A sampling of some of our ongoing and recently completed projects:
The role of iron redox dynamics in carbon losses from tropical forest soils
We seek to understand how fluctuations in moisture and soil oxygen availability driven by climate change feed back on coupled interactions among soil microbial and geochemical processes that control carbon turnover. Sequential iron reduction and oxidation appear to have a significant but poorly-described role in driving the decomposition of biochemically recalcitrant (and likely old) organic matter.
Postdoc Wenjuan Huang is leading the charge on this project.
Impacts of iron biogeochemical cycling on soil carbon stabilization in Iowa agroecosystems
This work is funded in part by the Center for Global and Regional Environmental Research (CGRER). Perennial cropping systems offer important opportunities for improving agroecosystem sustainability, and soil C sequestration and related fertility enhancement are chief among potential benefits. We seek to understand the mechanisms by which mineral-associated C is accrued or lost, using the Comparison of Biofuels Study (COBS) led by ISU colleague Matt Liebman. We will use measurements of Fe dynamics and C stable isotopes to tease apart these questions. Grad student Chenglong Ye and undergrad Anthony Mirabito are leading this work.

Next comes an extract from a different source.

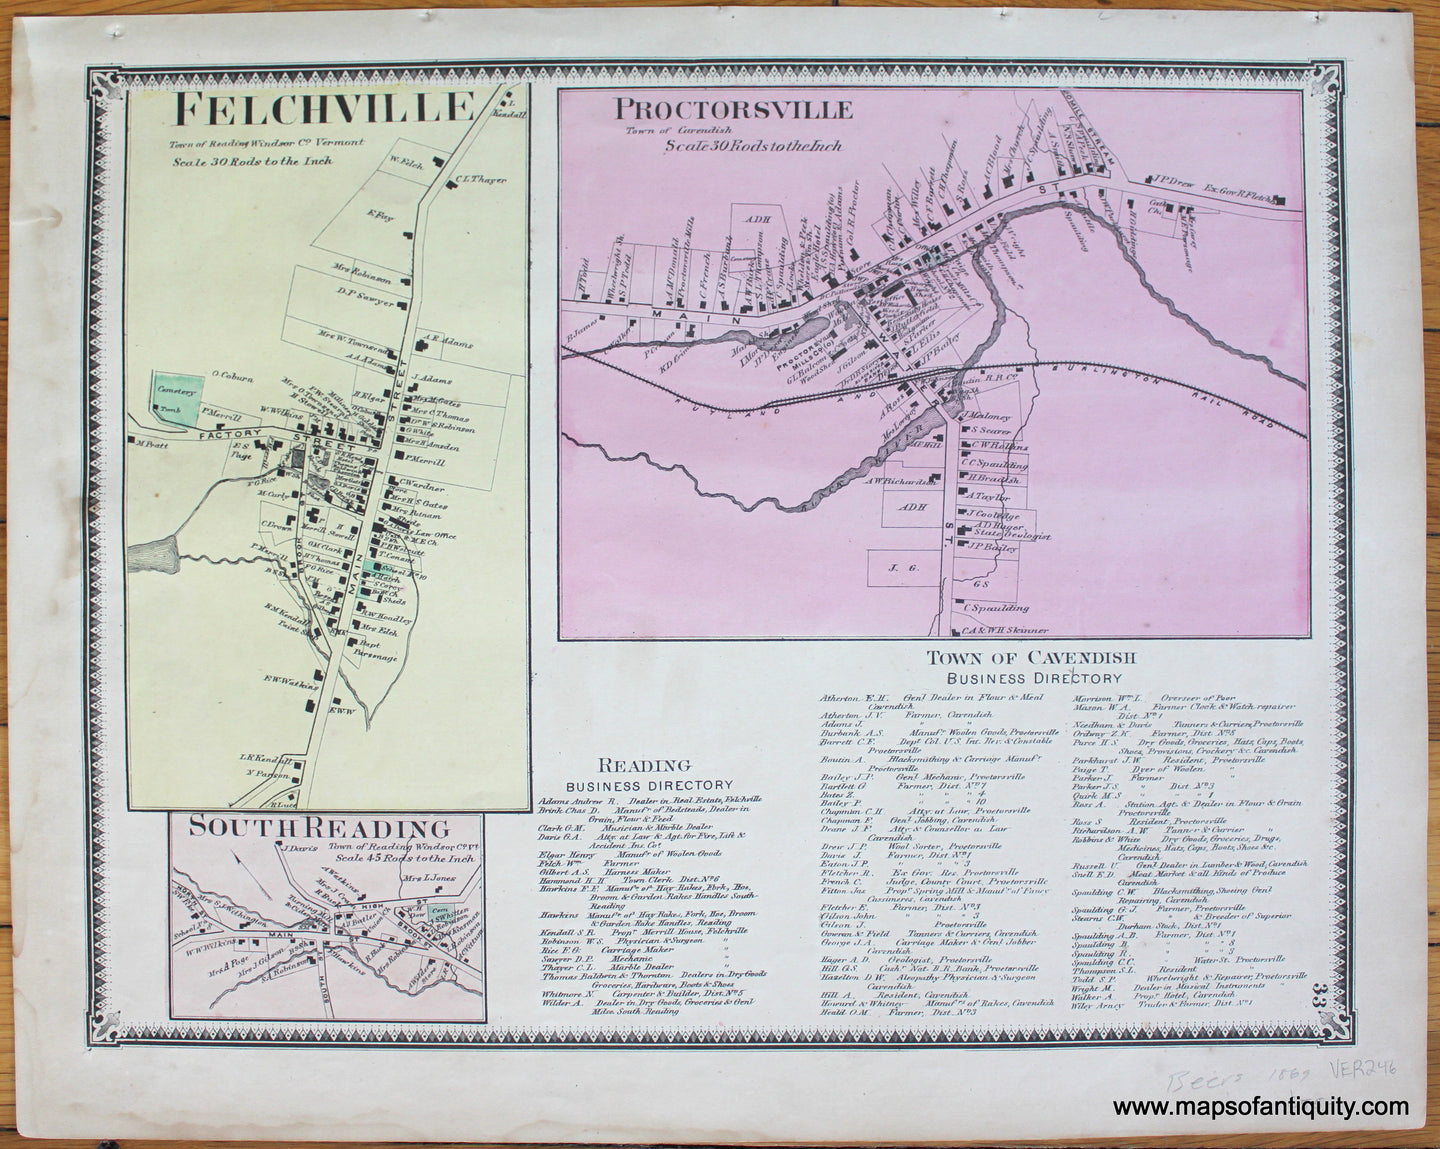 Antique-Map-Vermont-VT-Windsor-County-Town-Felchville-Proctorsville-South-Reading-Beers-1869-1860s-1800s-19th-Century-Maps-of-Antiquity

Prairie pothole soils: hotspots of nitrogen losses from agricultural landscapes?
This work is funded by the EPA, the Iowa Nutrient Research Center, and the Leopold Center for Sustainable Agriculture. Soil moisture is a key factor regulating both nitrate leaching losses and nitrous oxide production. Moisture varies predictably over space in the Des Moines lobe region of Iowa, where depressions known as prairie potholes (former wetlands)
are consistently wetter than adjacent upland soils. Potholes may contribute disproportionally to nitrate losses and nitrous oxide emissions, implying that targeted conversions of potholes under corn/bean cultivation to perennial vegetation could yield substantial reductions in these impacts. PhD student Nate Lawrence is leading this work.
Controls on lignin degradation: bridging old and new paradigms of soil organic matter:
Collaboration with Ken Hammel, USDA Forest Products Lab and University of Wisconsin-Madison. Lignin is difficult to decompose, but recent work suggests that it may be degraded relatively rapidly in natural soils. The question remains: how important is lignin as a constituent of soil organic matter, and what are the biogeochemical controls on lignin losses and stabilization? We are addressing these questions using incubations of a broad spectrum of soils with 13C-labeled lignins and litter.
(NSF-EPSCOR project with many collaborators at the University of Utah and Utah State University)
Our research explores the patterns and processes controlling N dynamics across wildland to urban land use gradients spanning mountains to valleys in northern Utah. This work has revealed that wildland and urban ecosystems adjacent to the Wasatch Mountains have a strong capacity for retaining nitrogen deposition, yet N cycling in wildland areas can be perturbed by relatively subtle land use changes (e.g. roads, dogs, low-intensity grazing). Multiple lines of inference suggest that leaking municipal sewers may be a primary N source to urban streams in this region.